The Cyprus Shore Community Association owns a stretch of beach in San Clemente and allows members of certain residential communities along the beach to use it. One of these communities is Cypress Pointe. Paul and Madeline Olivier are members of Cypress Pointe. Sometime in July 1990 Paul Olivier invited an acquaintance, Julie Beauchat, to use the private beach facilities for a birthday party she was giving.

Julie invited all the guests, and the group met first at her brother-in-law’s house in the morning. Curtis Swann was not among the invited guests, nor was he present at this time. Julie did not know Swann, but he was a friend of another guest and arrived later offering to drive two of the girls present to the beach party. Julie and the other adults were uncomfortable with this suggestion, and instead included him with the others in the van which they rode to the beach in.

*1327 Madeline Olivier escorted the group down to the beach. Later that day Swann was injured. As we explain in detail in the unpublished portion of our opinion, Swann has admitted that he was injured in the “surf” of the public ocean, seaward of the mean high tide line that marks the border of Cyprus Shore’s private property. (See Civ. Code, § 830 [property bordering on tidewater only extends to “ordinary high-water mark”].)

There is a provision in Cyprus Shore’s rules and regulations which cautions residents and guests that there is no lifeguard on duty at Cyprus Shore and “swimming” is thus “at [their] own risk.” The rules and regulations also mention that parents should watch children carefully because at “certain times of the year rip currents occur along the beach.”

Discussion

I *

II

Charpentier v. Von Geldern (1987) 191 Cal.App.3d 101 [236 Cal.Rptr. 233] presents facts superficially similar to the one at bar. In Charpentier, the defendant owned 51 acres of property “bordering the Feather River.” (Id. at p. 105, italics added.) The plaintiff “trespassed upon the land in pursuit of a recreational purpose—swimming and diving in the river.” at p. 111.) After first testing the waters, plaintiff climbed onto the bank, and “from the bank” dove into the river and injured himself when he hit something which resembled a sandbar. He later sued the landowner for “maliciously” failing to warn against the dangerous conditions of the Feather River. (Id. at p. 106.)
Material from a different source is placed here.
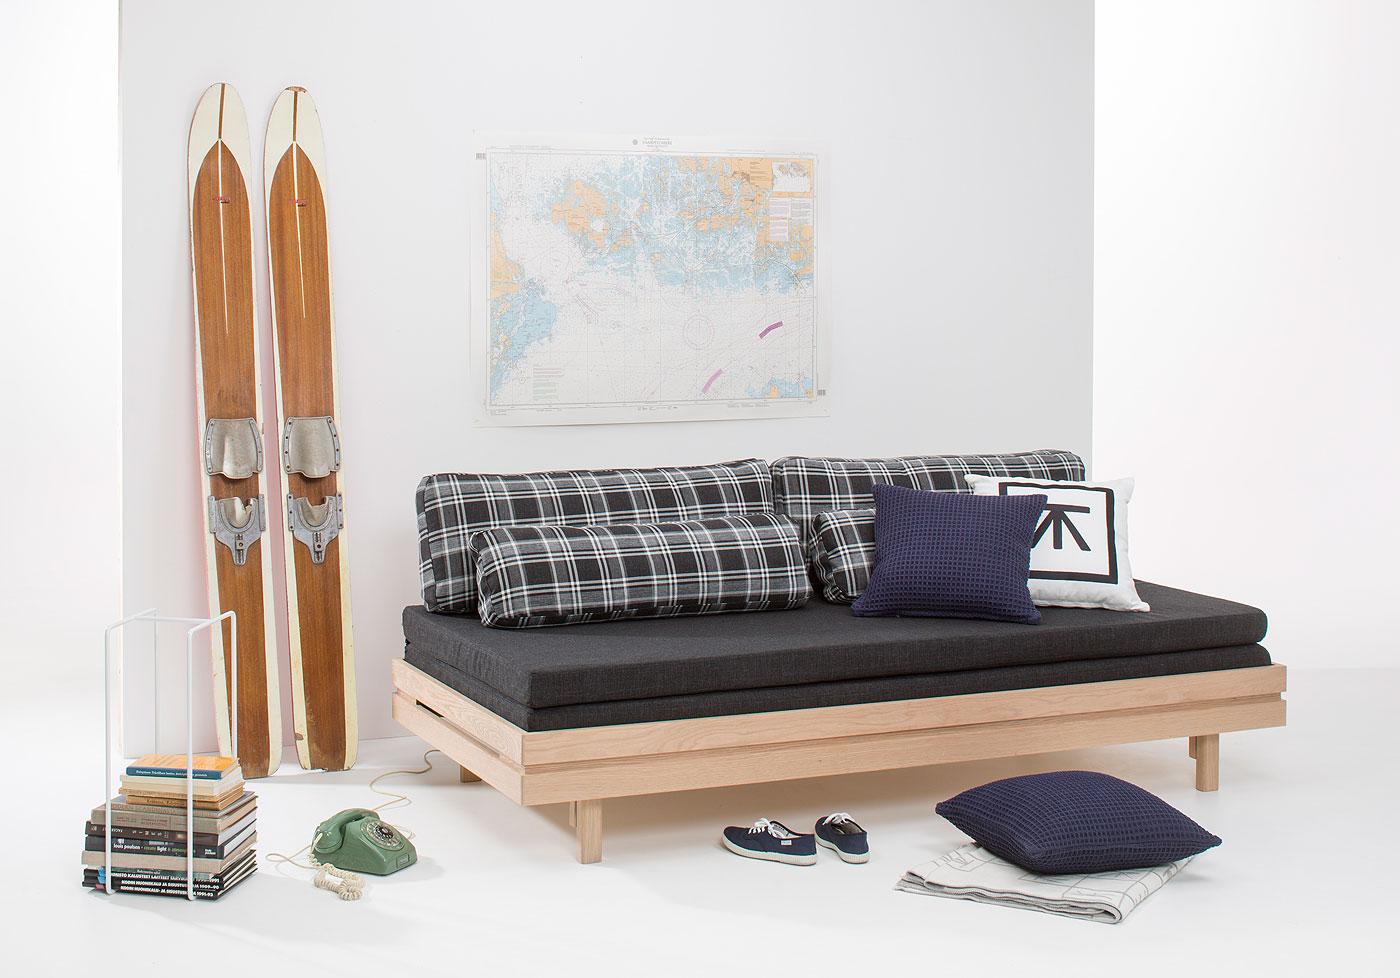 Juvenil sof cama del dise ador finland s tapio anttila - Sofa cama juvenil ...

The Court of Appeal affirmed a summary judgment in favor of the landowner, holding that Civil Code section immunized her from liability. Section 846 addresses the liability of landowners for the recreational use of their land by others. (See generally, Charpentier v. Von Geldern, supra, 191 Cal.App.3d at p. 108.) The statute first creates an immunity by providing that a landowner “owes no duty of care to keep the premises safe for entry or use by others . . . or to give any warning of hazardous conditions ... on such premises.” However, the statute then revokes the immunity in *1328 the case of “any persons who are expressly invited rather than merely permitted to come upon the premises by the landowner.” Because the plaintiff was a trespasser, the court in Charpentier reasoned that the landowner was entitled to the immunity. (Id. at p. 111.) 4

Possibly because defendants were seduced by the similarities between this case and Charpentier (both involve injuries in public water, access to which was through private land), the focus of their summary judgment motion was the immunity conferred by section 846. 5 As the parties framed the motion here, application of the immunity inversely depends on whether Swann was “expressly invited” onto the premises. Hence the basis of trial court’s summary judgment was Swann’s status as a «oranvitee.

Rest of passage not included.